Thank you brian, that was very helpful. You also anticipated my next question. How can I maximize repeatability/linearity/predictability of 2 motor/controller combos? I imagine headroom from using a high volt/high current controller far below its max ratings(in low speed mode) will go some way toward this.


Also, do I need to dyno all this for safety before a test ride? Tadpole is less flip prone than 3 wheel ATV but there is still danger I think. What is the worst that could happen Edit: if the controllers lose sync with the rear wheel or with each other? That isn't hyperbole, I'm really asking for potential worst case scenarios so I can prepare for them.

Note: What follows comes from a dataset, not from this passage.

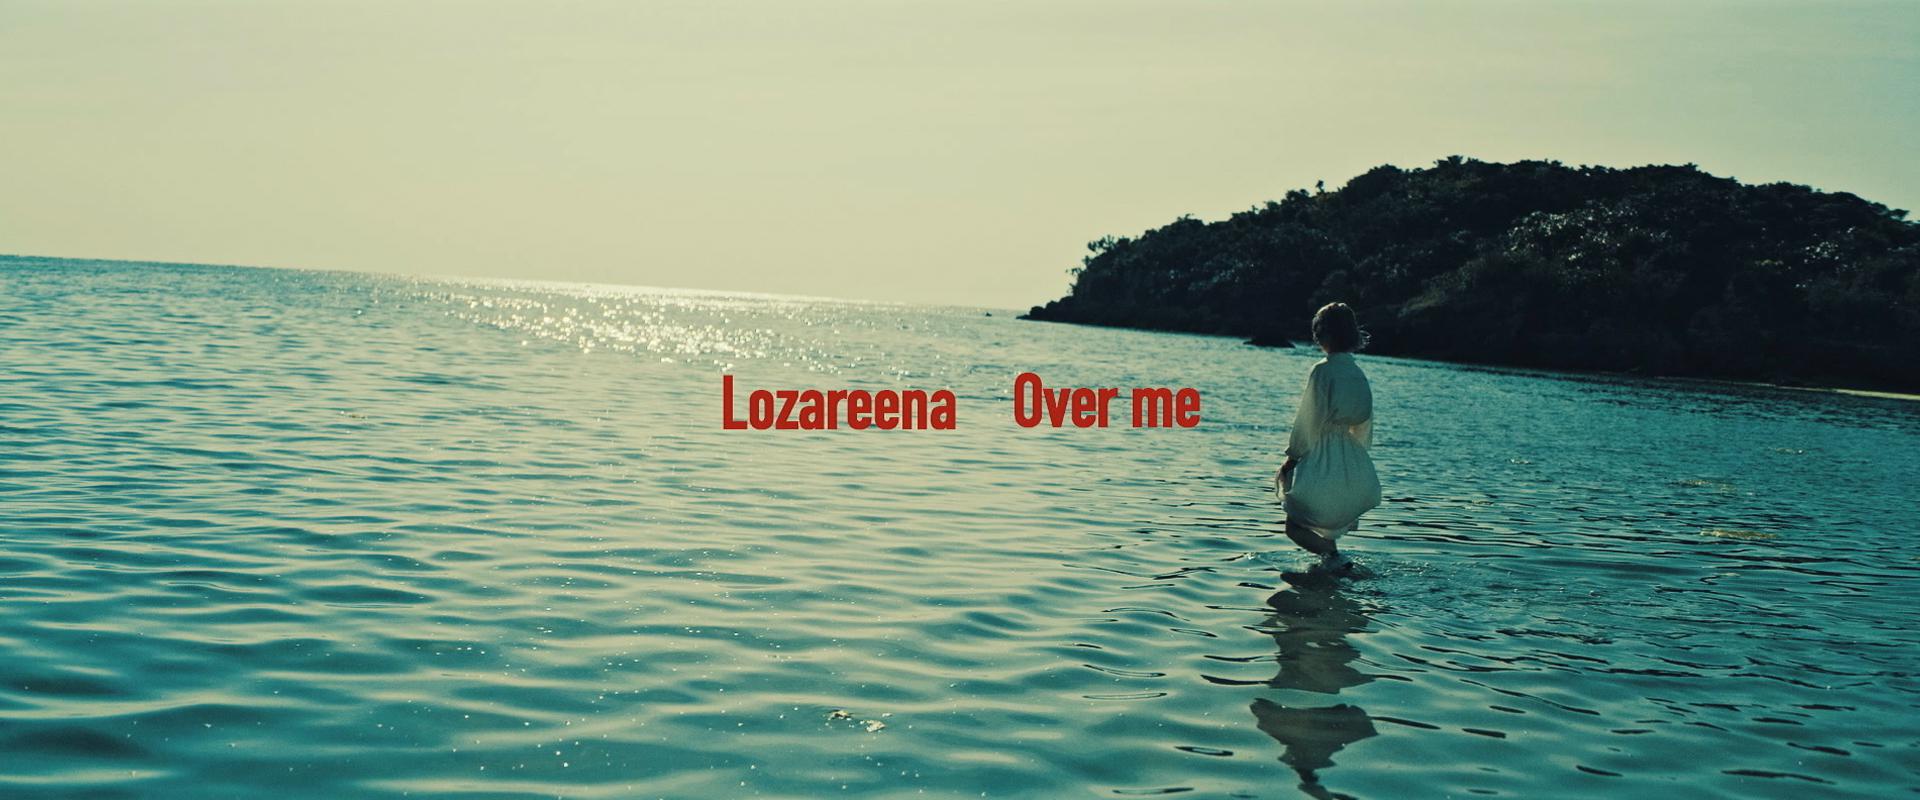 ロザリーナ - Over me
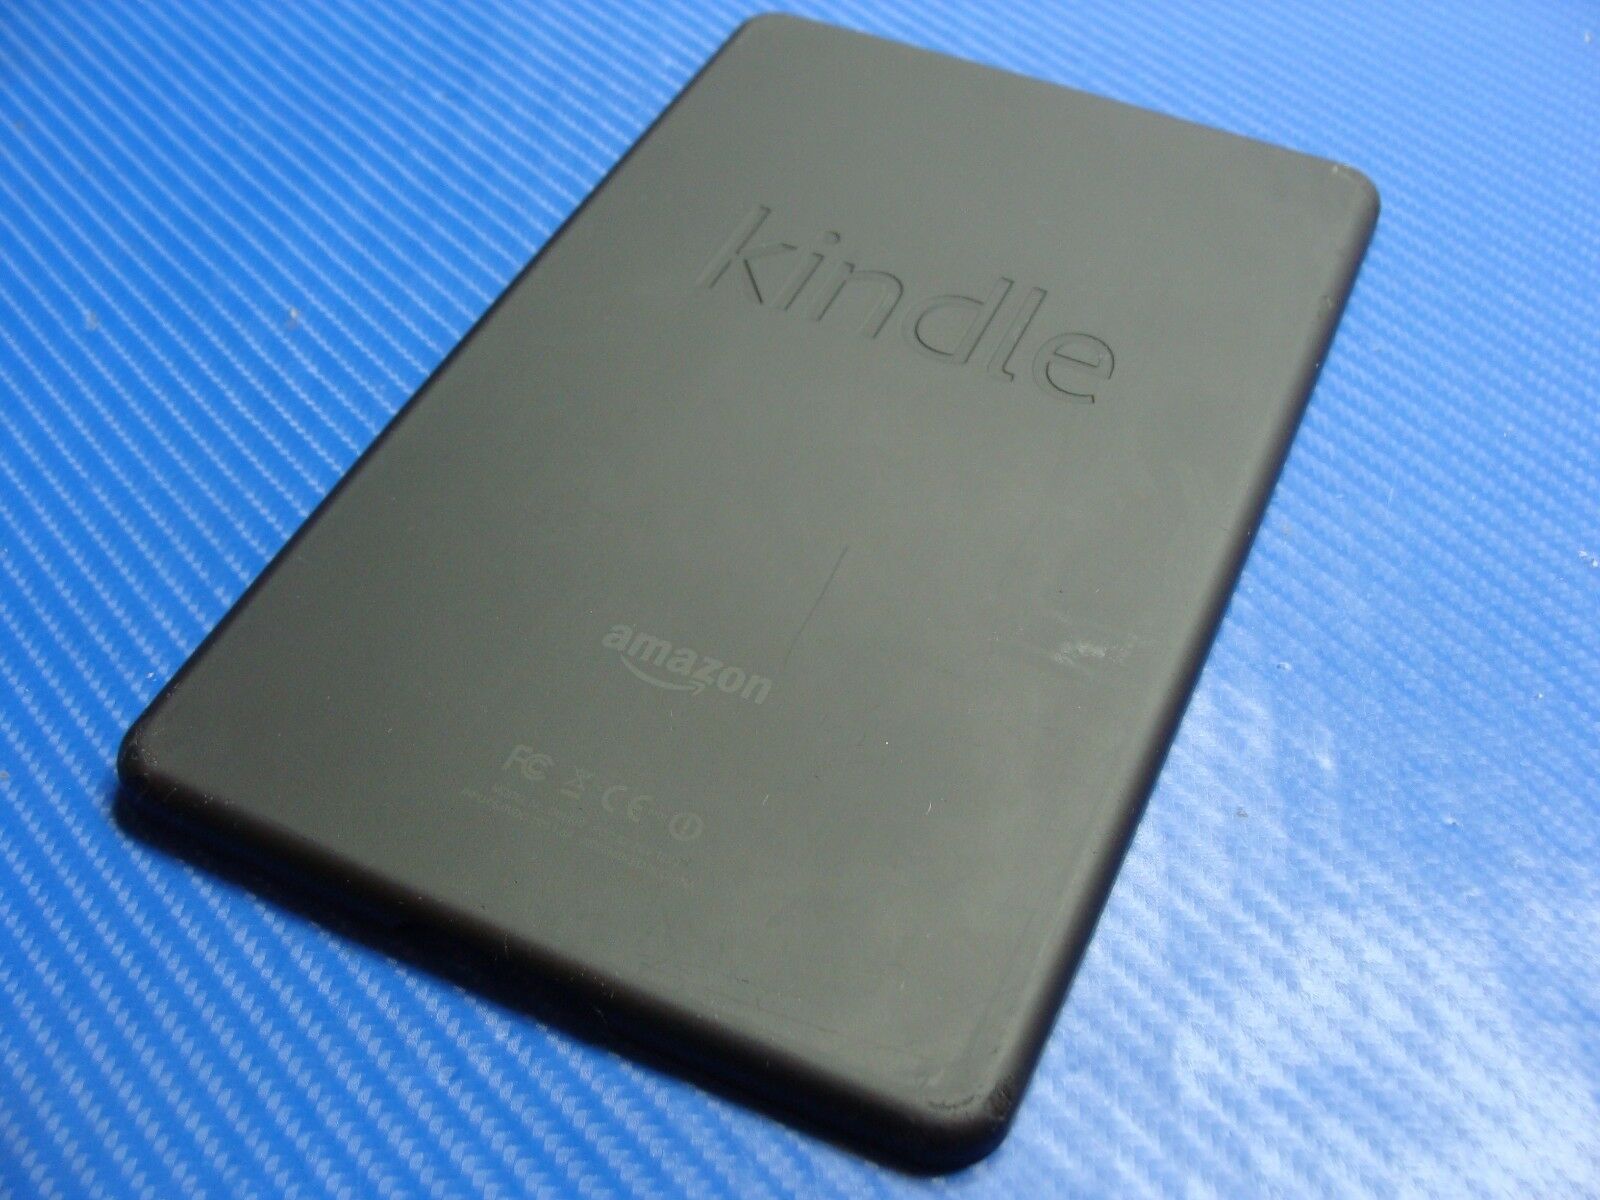 Amazon Kindle 7

I need more than open loop throttle proportional torque control. I need closed loop wheel position control accurate down to (I think) below pi/6; while also minimizing acceleration and jerk in low speed mode. Changing acceleration/jerk limits in high speed mode to not interfere with spirited gas acceleration, provide smooth regen braking, and not cause unwanted steering torque.
Low speed = wet grass hill. High speed = dry flat freeway pavement. I would be interested in other opinions of how accurate wheel speed or wheel position control needs to be for traction control on wet grass hills.



I understand that throttle applied doesn't necessarily translate directly into a specific RPM so this will largely be a factor of the update speed of PID and sensor loops, and consistent step response from the system in various states.

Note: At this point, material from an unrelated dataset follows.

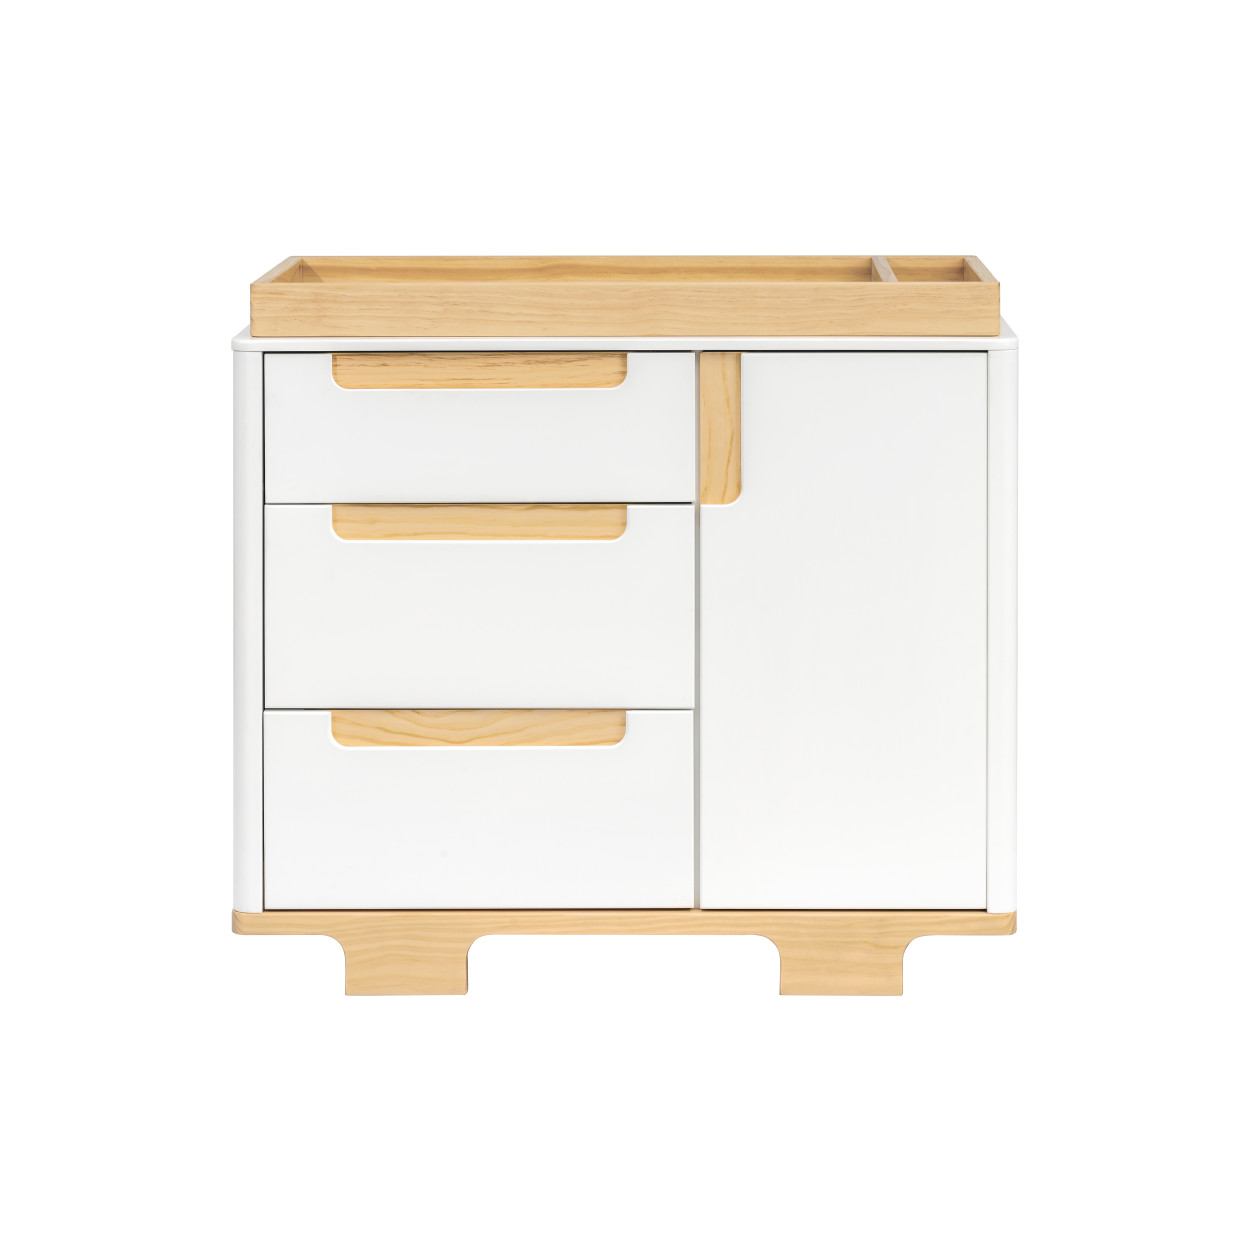 BabyLetto Yuzu 3-Drawer Changer Dresser - White/Natural

Applying torque inappropriate for a given wheel path can create unintended steering forces. That was yet another reason for choosing motors that barely meet torque required in the low speed situation; to mitigate severity. In High speed mode, the electric system's job is basically to get out of the way, but provide regen braking when it can. Not any contribution to highway driving except for a brief holeshot torque to help save gas and emissions.



There is a single twist throttle connected to the gas engine. The Throttle Position Sensor(TPS) on the intake provides a 0-5v signal to ElectricPowertrainControlUnit(EPCU) and GasPowertrainControlUnit(GPCU). A selector switch for Low/High speed mode and a reverse button are the only controls added to the usual motorcycle controls. A brake fluid pressure sensor or brakelight switch triggers regen depending on which controller is being tested. 

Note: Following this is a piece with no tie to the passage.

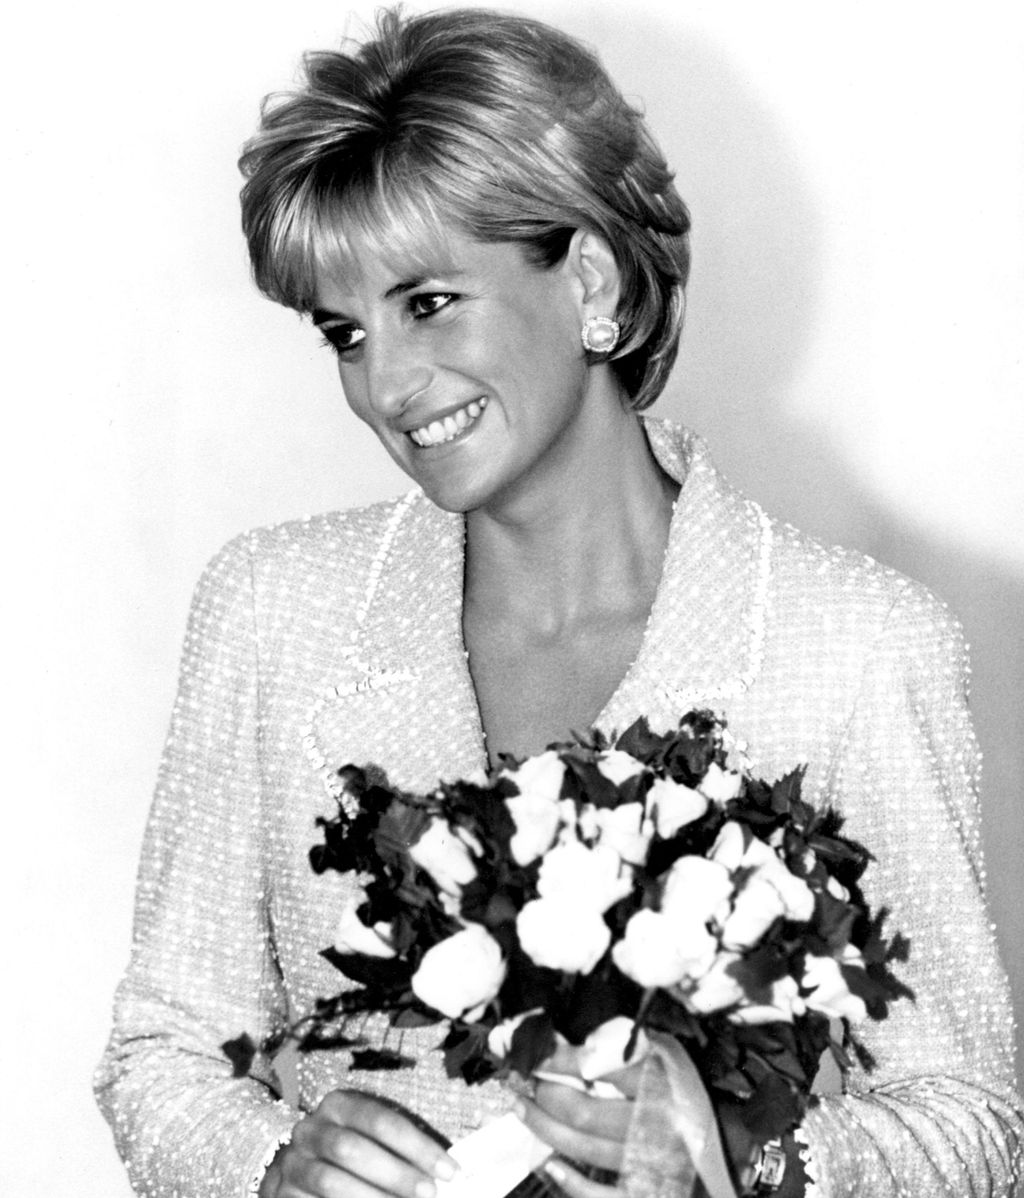 Diana de Gales era tremendamente querida por los británicos

When in low speed mode, optical flow sensors vs wheel speed sensors trigger traction control interventions including modulating electric drive and sending "slow down" signals to GPCU which alters ignition timing and/or selected fuel injection map. That allows some control of rear wheel torque without authority over throttle butterfly position or hydraulic brakes.



GPCU outputs a signal whenever gas engine is running. If high, EPCU engages only when transmission is in one of 5 forward drive gears. EPCU monitors rear wheel speed VSS in transmission output and attempts to match front wheel speeds to pace +/- depending on steering angle sensor. The amount of differential is not fixed yet. It depends on the algorithm chosen, preferred feel, and the amount of Ackerman built into the mechanical steering system. Ackerman is still somewhat adjustable right now, so software has to be updated whenever there is a mechanical change.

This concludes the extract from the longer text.